▶ TASK PROMPT
Verbatim copy without images: return all of the data as it stands.

▶ SUPPLIED INFORMATION
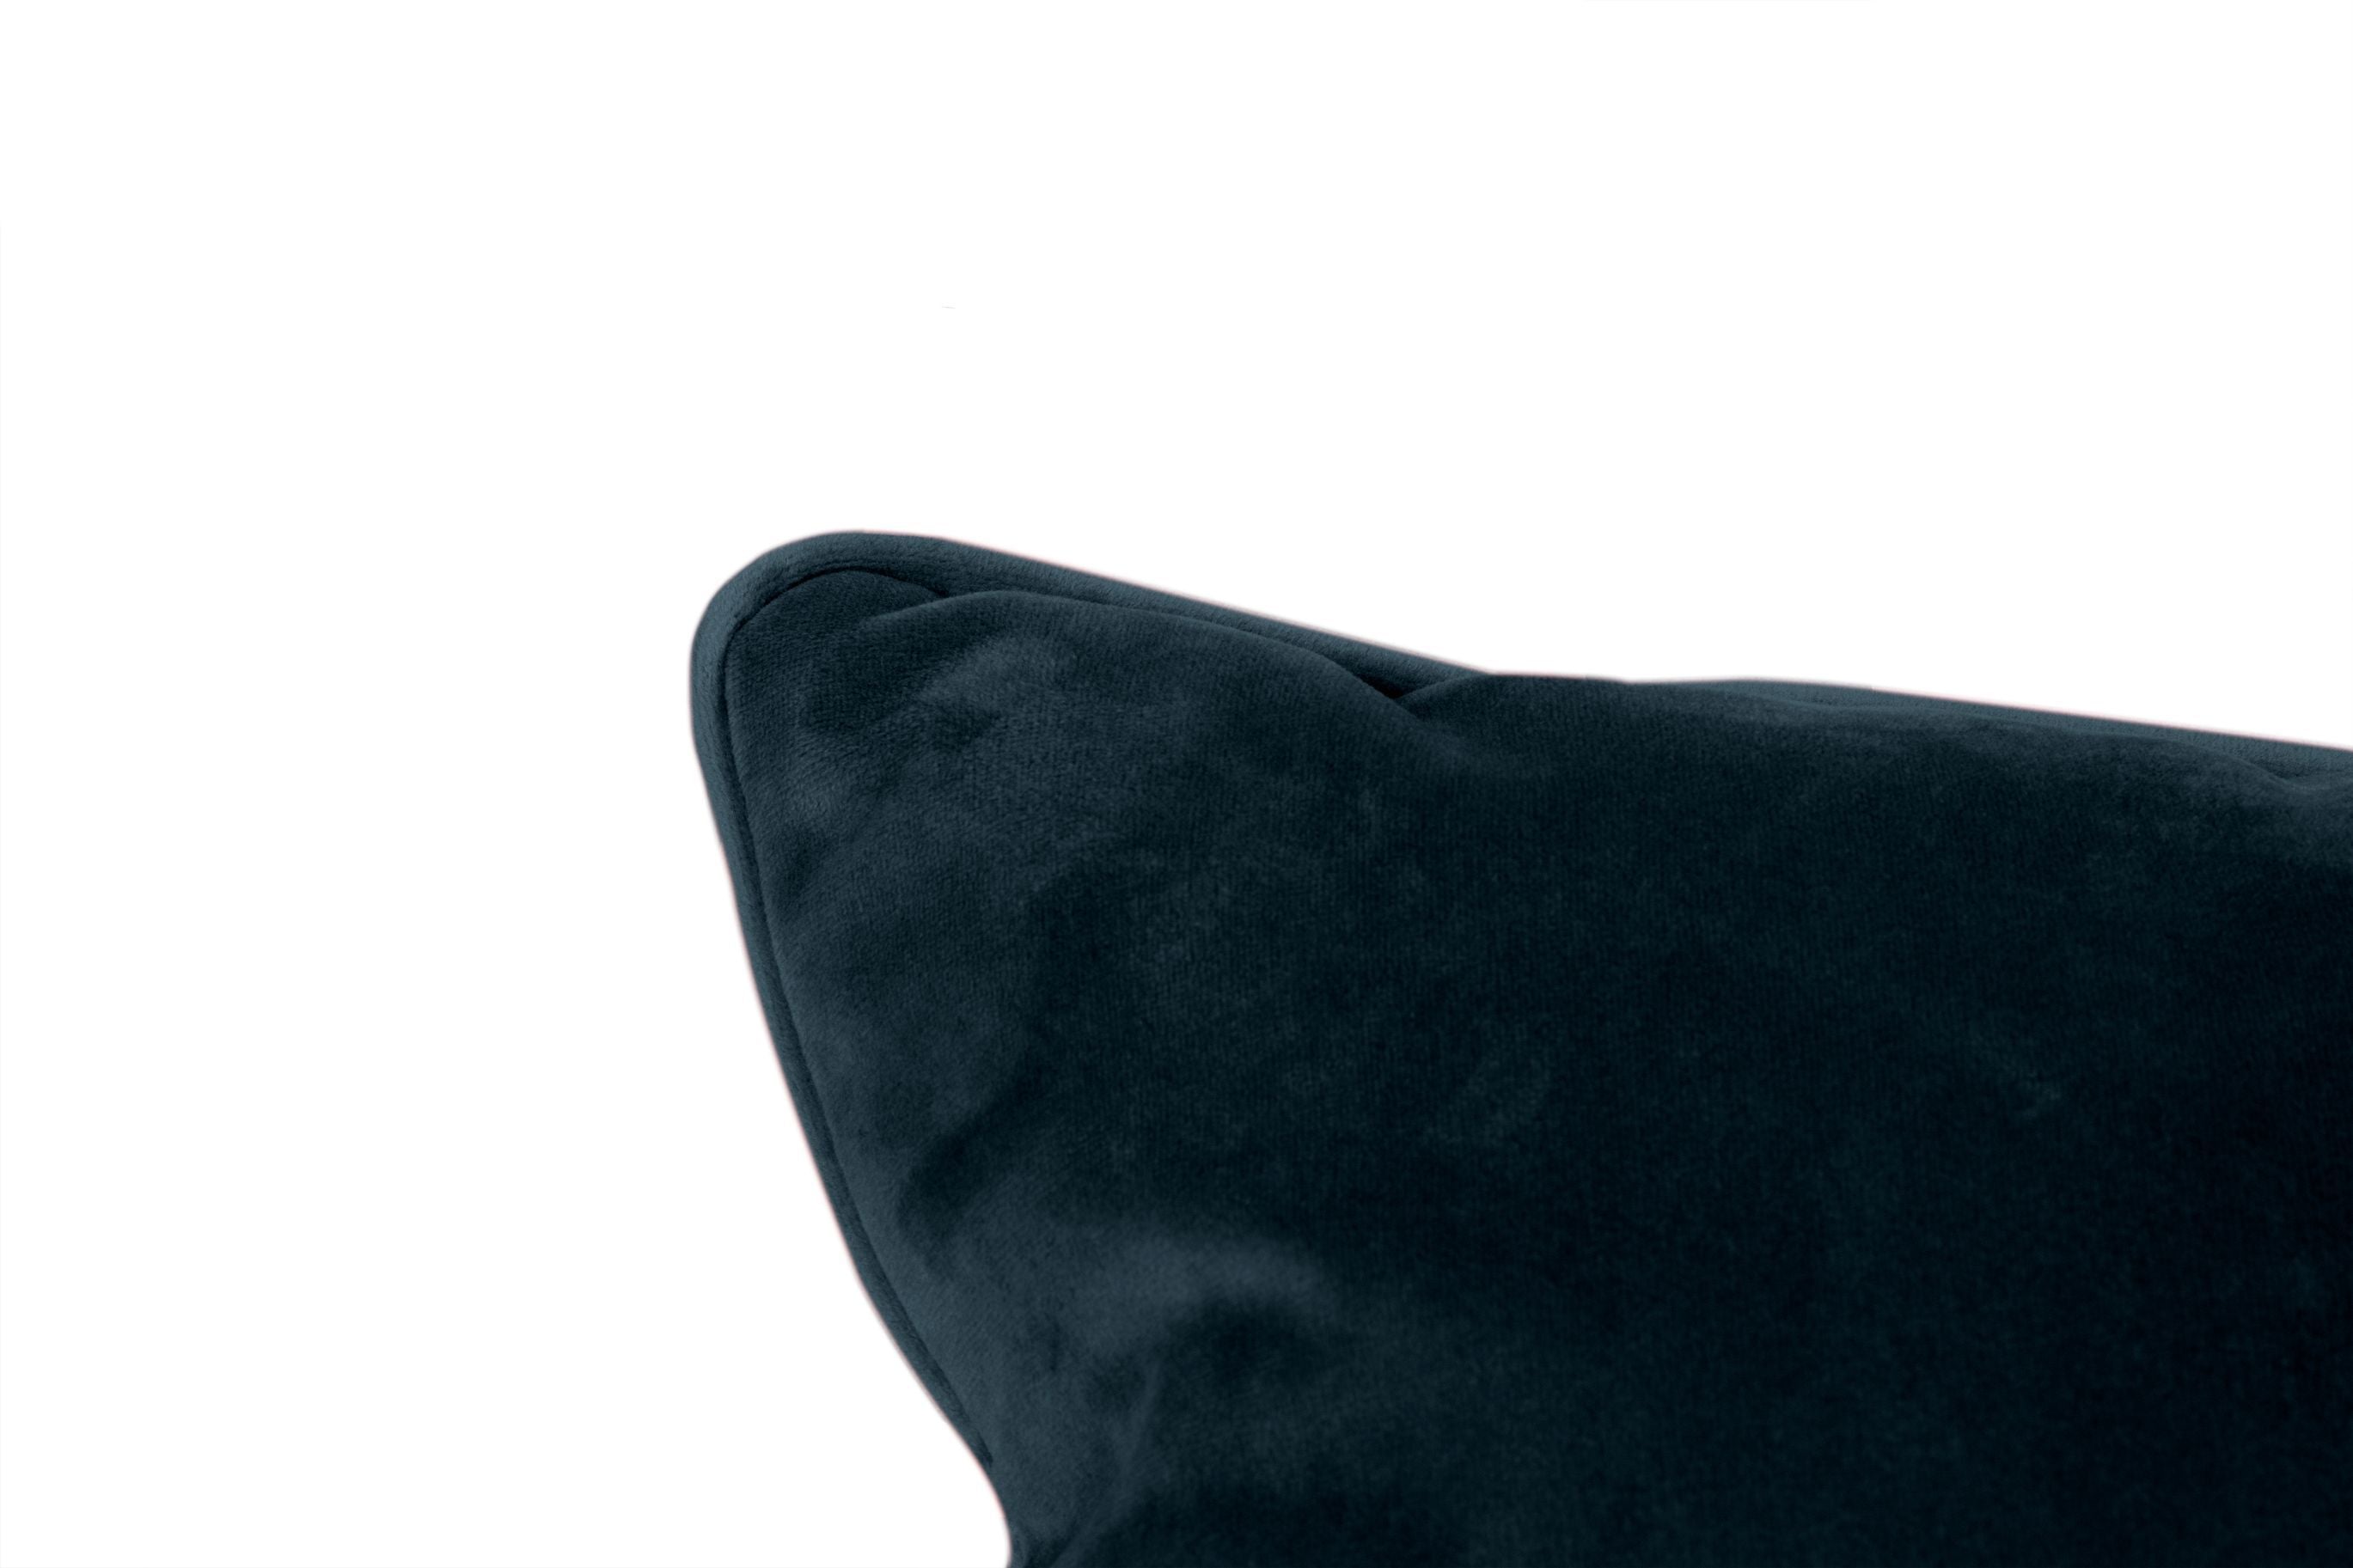 Fatboy King Velvet Cushion reciclado 66x40 cm, azul oscuro
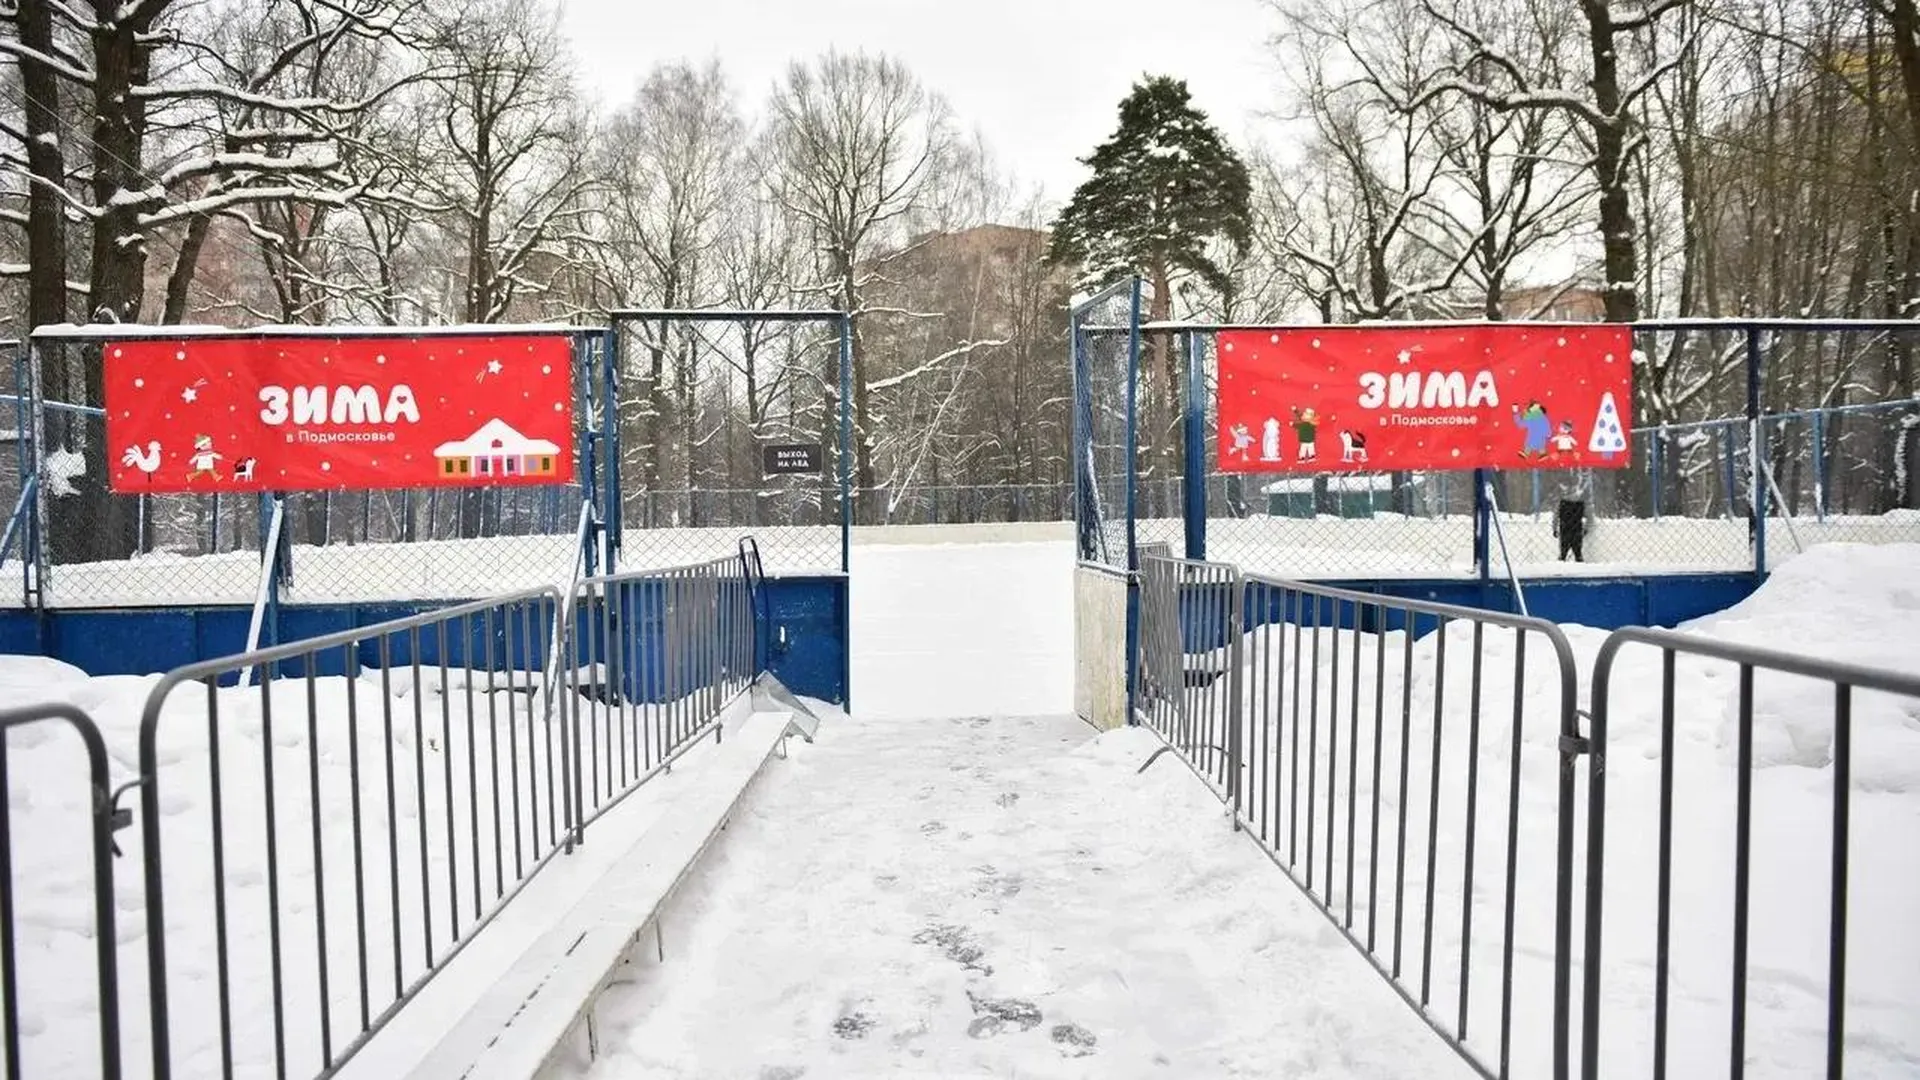 Каток с натуральным льдом заработал в парке Толстого в Химках
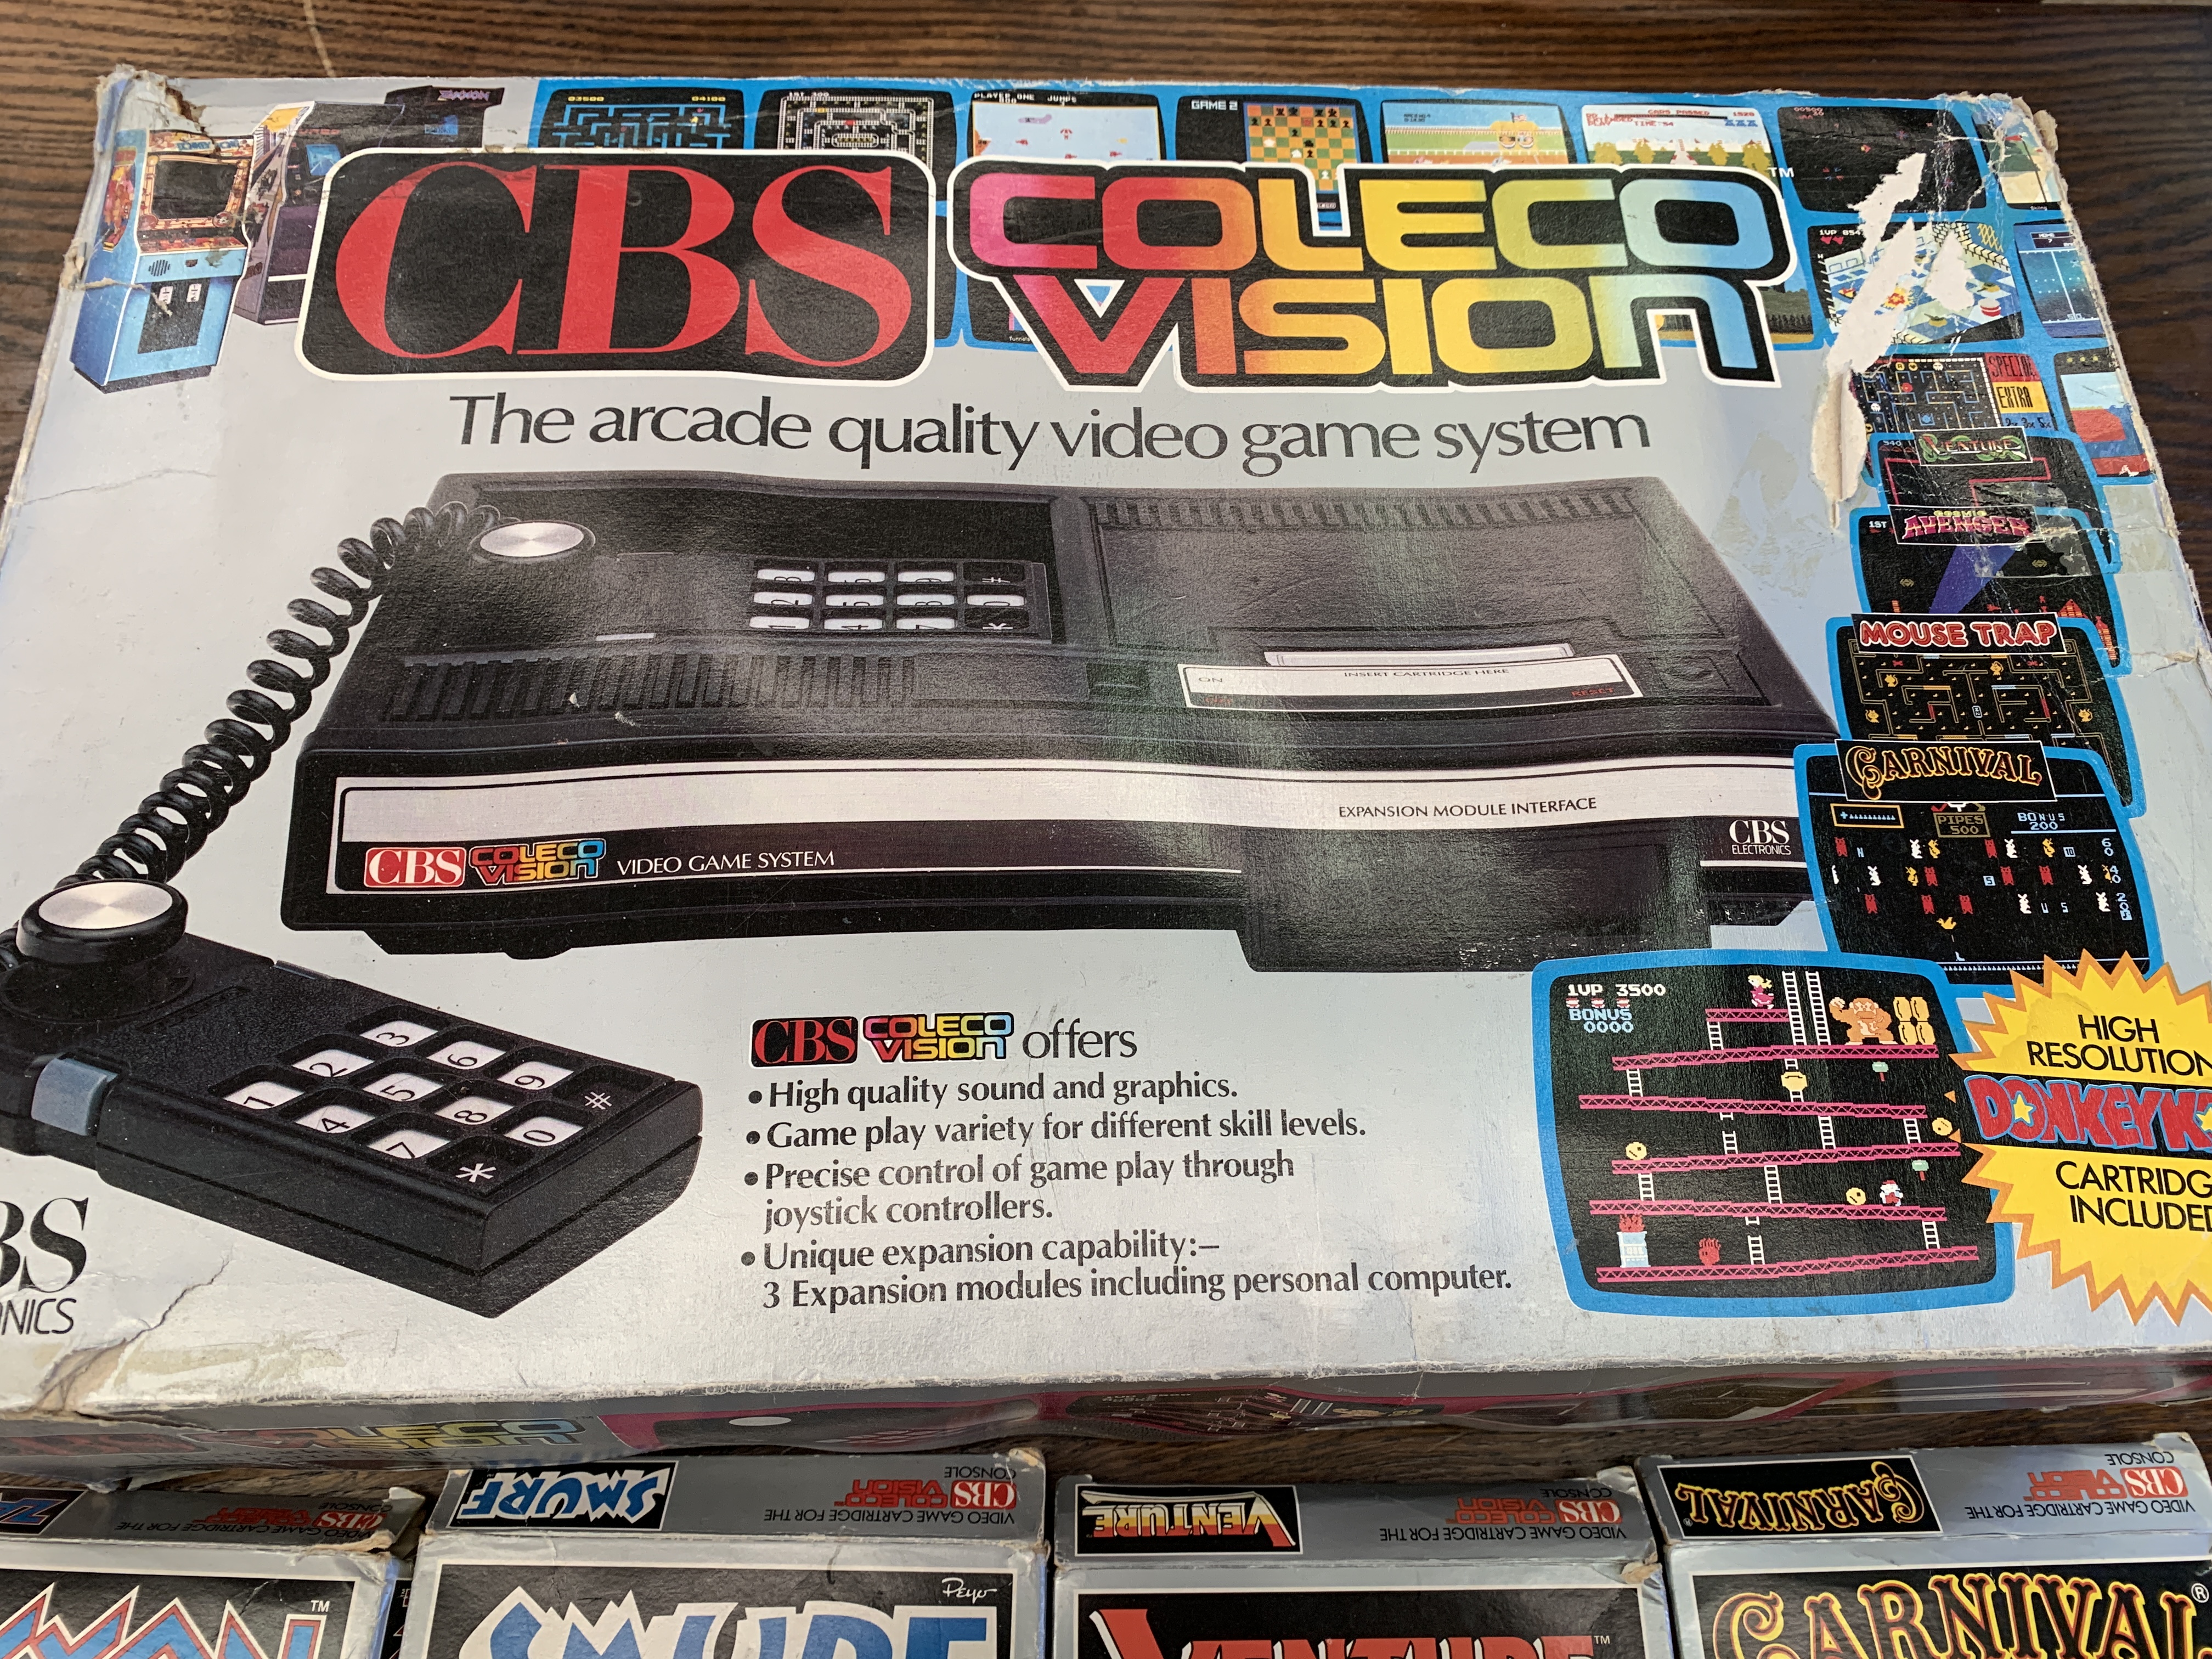 Retrovision games Colecovision games console in original box

▶ ANSWER
 Fatboy King Velvet Cushion reciclado 66x40 cm, azul oscuro
 Каток с натуральным льдом заработал в парке Толстого в Химках
 Retrovision games Colecovision games console in original box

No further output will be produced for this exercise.